Acoustic Detection System (ADS) Final Status

February 15, 2024 | Blogs

The objective of WP6 in the TeamAware project is to develop an Acoustic Detection System (ADS) for search and rescue purposes.

The ADS is capable of detecting and localizing audible events for search and rescue purposes, including explosions/blasts, gunshots, human voices screaming for help or whistling.

An ADS mounted on a drone is particularly useful for first responders as it can access and survey areas affected by earthquakes, hurricanes, or terrorist attacks, which might be difficult for first responders to reach due to blocked roads and other obstacles.

Additionally, such an ADS can provide insights in scenarios where cameras may fail due to poor visibility or obstacles in the field of view.
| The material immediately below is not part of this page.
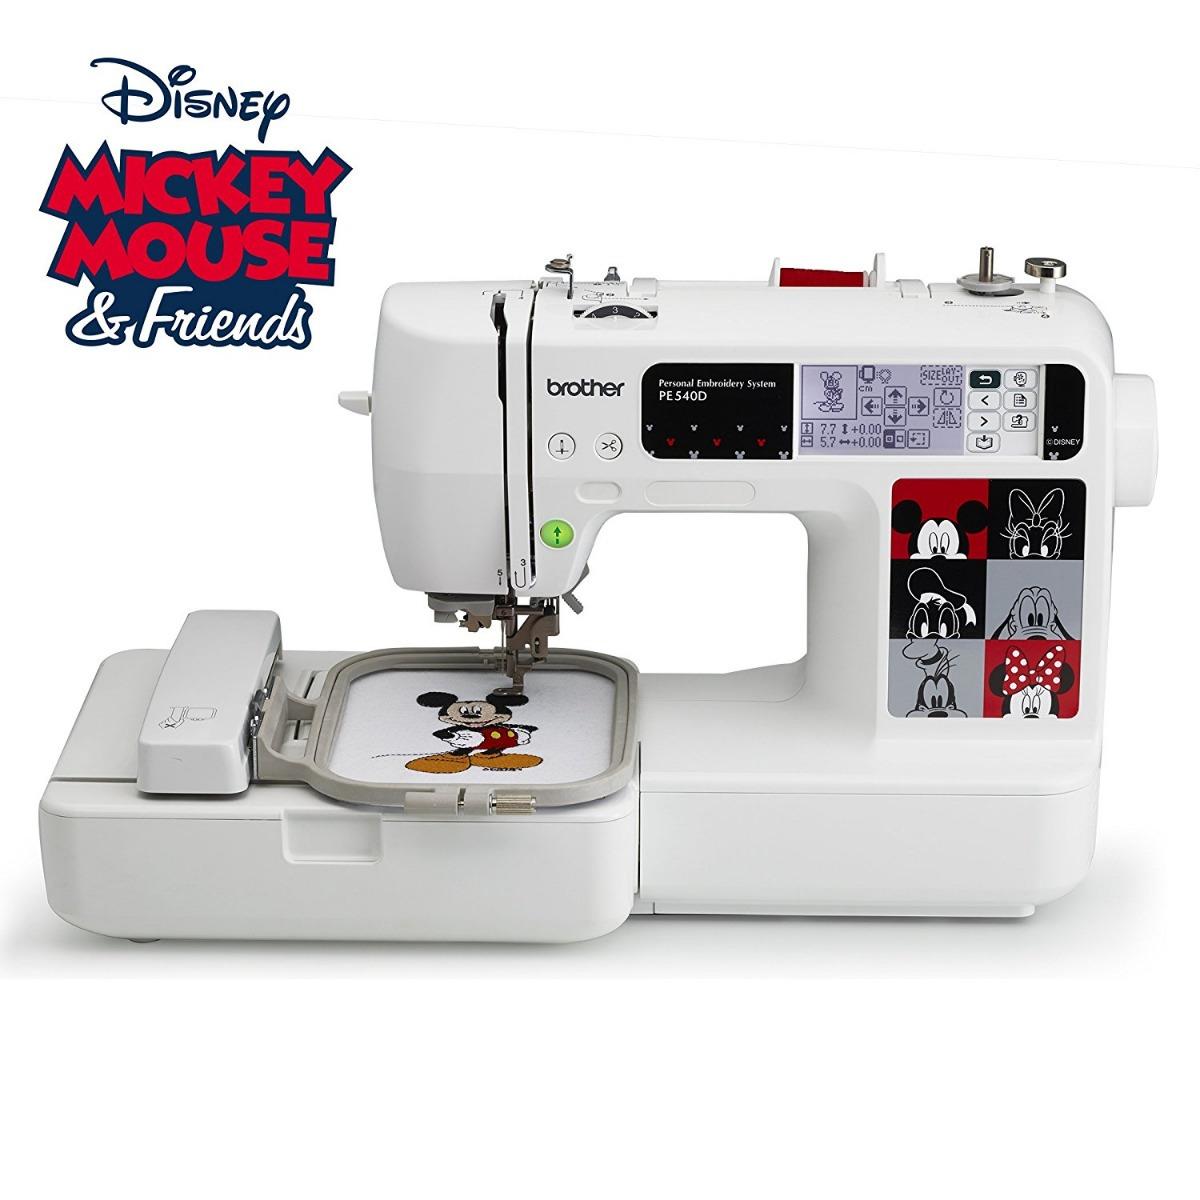 Máquina Bordado Brother Pe540d 4x4 35 diseños De Disney - $ 1.798 ...

Moreover, the ADS can cue a camera system into a certain direction.

Therefore, a complete solution, with both an ADS and a camera system, has been implemented on the multi-copter drone and has successfully demonstrated its effectiveness.

Figure 1. ADS mounted on the DJI Matrice 300 RTK.

The ADS is equipped with an Acoustic Vector Sensor (AVS) array for capturing the sound of the environment and utilizes a Raspberry Pi 4B to run all the algorithms.

Additionally, it includes a power bank for its power supply and a GPS dongle to provide real-time location tracking.

This compact and lightweight solution, along with a customized installation, was mounted on a DJI Matrice 300 RTK drone, enabling effective area monitoring.

A picture of the final system installed on the drone is illustrated in Figure 1.

In order to ensure that such a Search & Rescue multi-copter payload works both also with high noise levels, a novel sensor board has been designed.

On the one hand, a third acoustic particle velocity sensor element has been added.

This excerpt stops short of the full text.